Action item>
In the records below, the relevant part opens with the line containing "Stars end 9781481444293 hr" and closes with the line containing "2009 Nissan Micra Stock Photo"; print that part exactly and only, without its pictures.

Data for review>
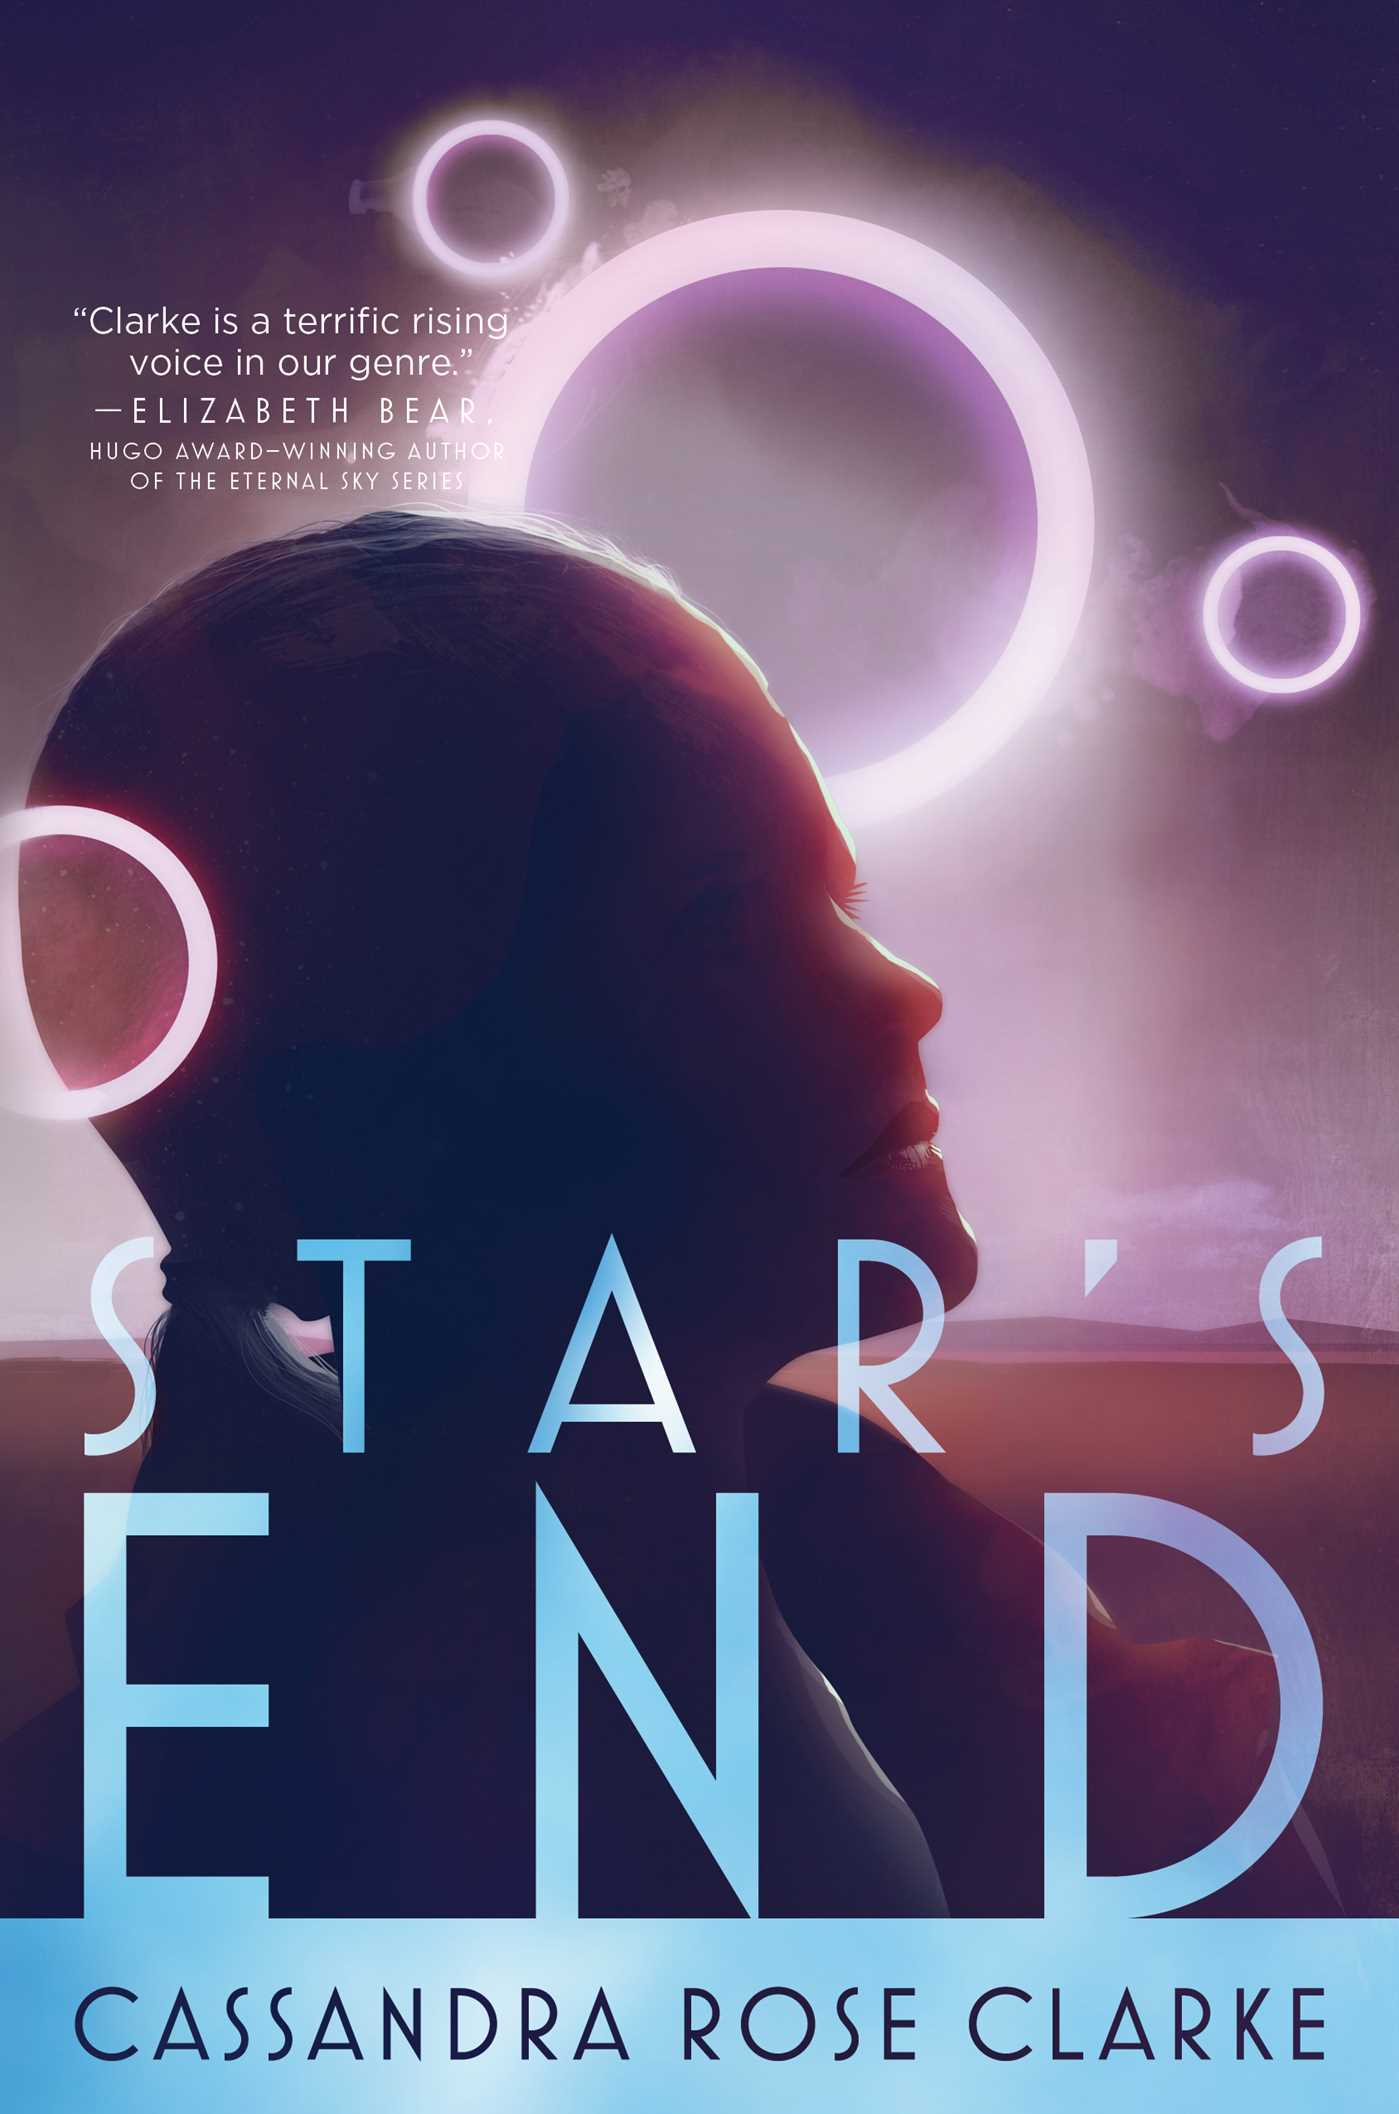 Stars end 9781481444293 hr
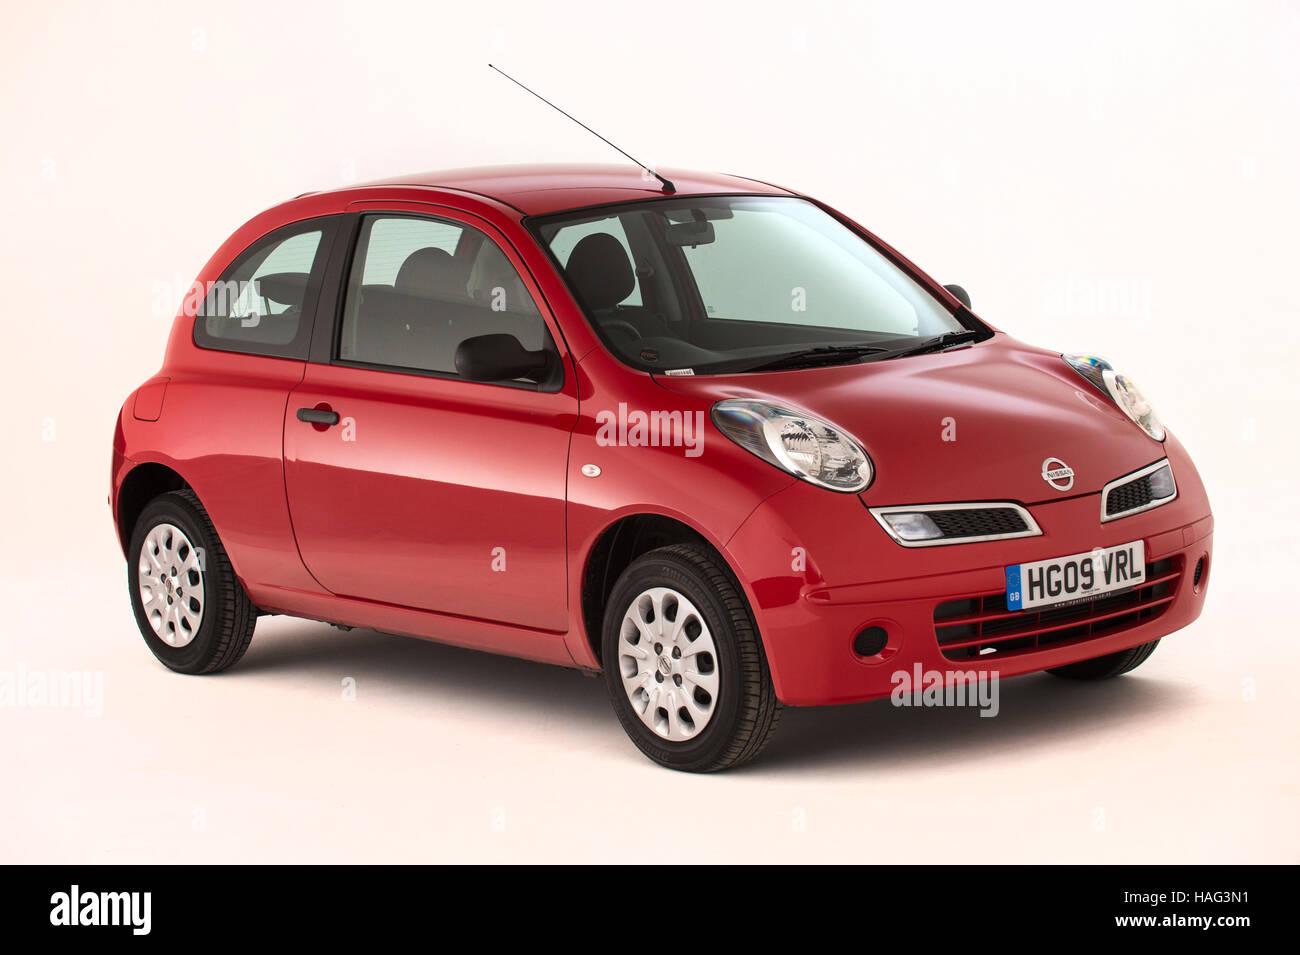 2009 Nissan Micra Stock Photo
...
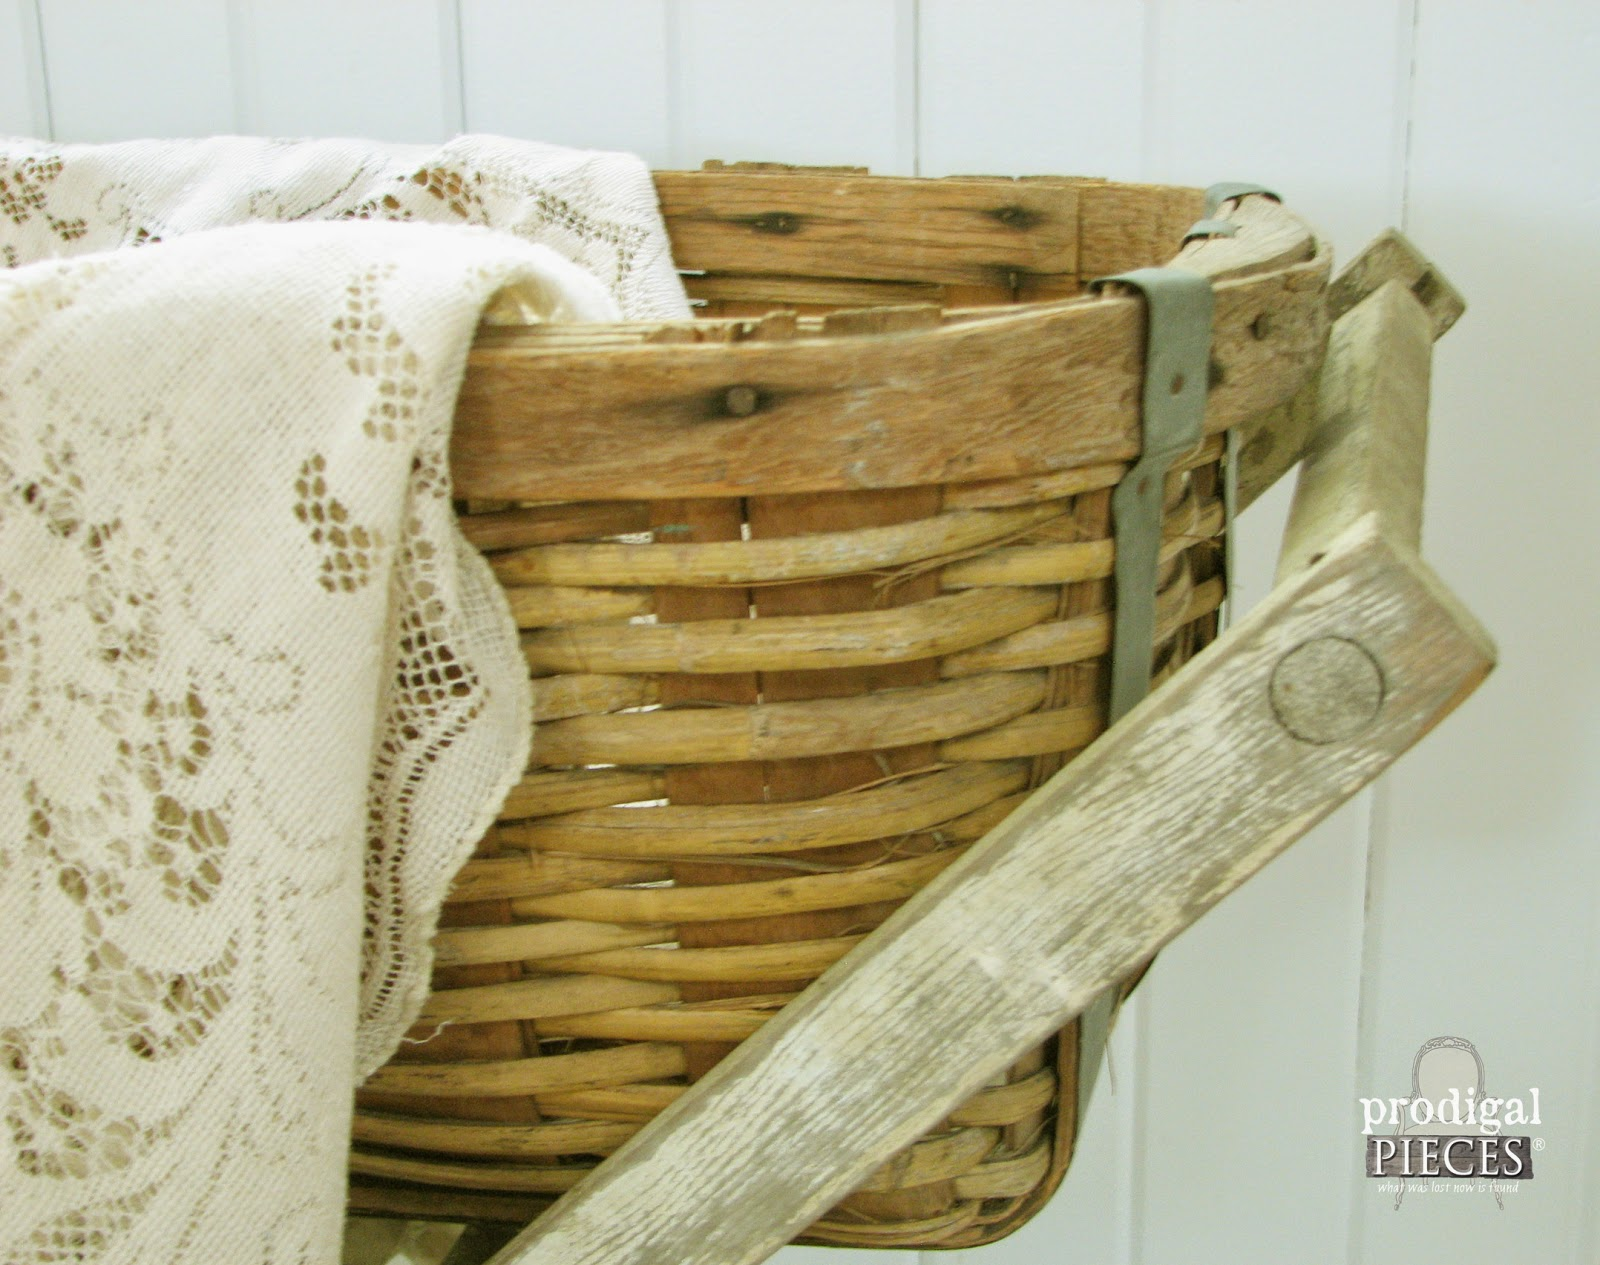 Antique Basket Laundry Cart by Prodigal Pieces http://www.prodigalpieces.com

Task output>
 Stars end 9781481444293 hr
 2009 Nissan Micra Stock Photo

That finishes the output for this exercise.